Until last year Jolliffe was Chair of the Calgary Heritage Authority. Since his childhood he has had an abiding interest in the past, especially old bits and pieces of our industrial history. He remembers as a ten-year-old collecting worn out telegraph insulators and other industrial debris. These “treasures” were invariably thrown out by his mother. He remembers both his parents saying, “when something gets old you just throw it out.”
Well, that is one old-time value the family didn’t pass on to Jolliffe.
Just the opposite. As an adult Jolliffe has never stopped collecting things, especially industrial things. Among his treasures are about two dozen old gas pumps as well as railway memorabilia and other fascinating pieces of the past. On top of that, he has some 40 shipping containers and semi-trailers filled with things gathered from old factories and other industrial facilities.
He admits he has no idea what he will do with it all. “It’s mostly industrial artifacts, railway items, grain elevators stuff, and other castoffs,” he says. He insists that not all of his items have monetary value. “I think they’re just cool, neat things. If I don’t save it, it’s gone.”
But Jolliffe is not just a hoarder (a phrase he doesn’t especially like), he is an eloquent advocate for the recognition and preservation of old industrial sites. He passionately articulates the importance of the industrial past as part of the broader heritage picture. “It’s the grittier side of our heritage. Without factories and refineries and the jobs they created we didn’t need schools, and churches and elegant houses.”
He talks about the need to find new uses for old industrial sites but acknowledges it is difficult. “How do you come up with an adaptive re-use of the old Imperial Oil refinery (1923- 1976) or the British American (later Gulf Canada Resources) refinery (decommissioned 1985)? These facilities have disappeared because there was no economic reason to keep them.” But Jolliffe sees bright spots out there. “We’re getting better at it” he says of adaptive reuse. “Look at the Simmons Building (a former mattress manufacturing warehouse on the edge of Calgary’s downtown now creatively re-purposed into an upscale bakery, coffee shop and steak house).
A few months ago, Jolliffe was at his most eloquent and persuasive when he visited the ramshackle remains of the Western Irrigation District Headworks with City of Calgary heritage officials.
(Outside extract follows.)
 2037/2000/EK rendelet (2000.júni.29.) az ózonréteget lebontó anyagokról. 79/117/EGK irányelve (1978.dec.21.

It is an early 20th century remnant of where water from the Bow River was once diverted into an extensive irrigation system that made the semi-arid southeastern part of Alberta into a rich and productive farmland.
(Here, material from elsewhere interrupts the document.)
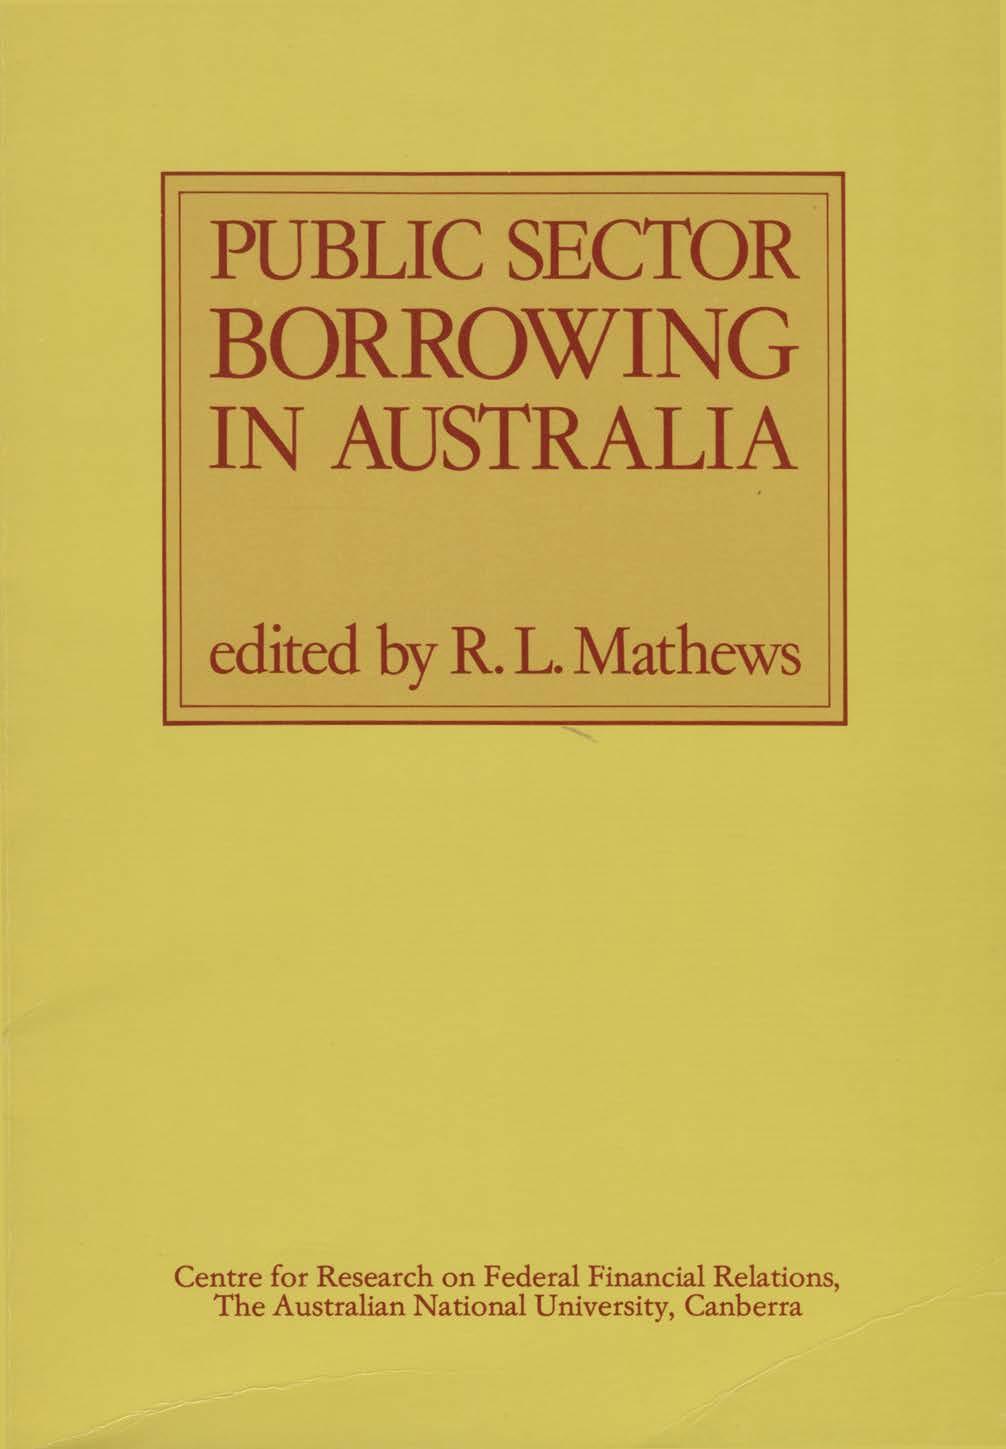 PUBLIC SECTOR BORROWING IN AUSTRALIA edited by R. L.

Now the headworks is abandoned and largely forgotten. Wedged between the river’s edge and Calgary’s busy Deerfoot Trail. Thousands of Calgarians drive past it every day, although few even know it exists. Jolliffe pointed out how the headworks was a reminder that the now pleasant Bow River that winds along the edge of Calgary’s downtown was once a commercial and industrial highway. The headworks, he argued recalls the industry and ingenuity of turn-of-the-century engineers and agriculturists and it should not be forgotten. “Remove it,” he says “and you lose a part of our collective story. It is a monument to the dreams and accomplishments of another generation.”
Despite setbacks and the loss of much of Calgary’s industrial past, Jolliffe remains optimistic. He keeps advocating for industrial heritage and points to success in re-purposing commercial sites in other cities in Canada and elsewhere. “Industrial archeology” Jolliffe says optimistically “is a burgeoning field”. But advocates are needed and there is no stronger advocate for preserving the industrial past than Jolliffe himself.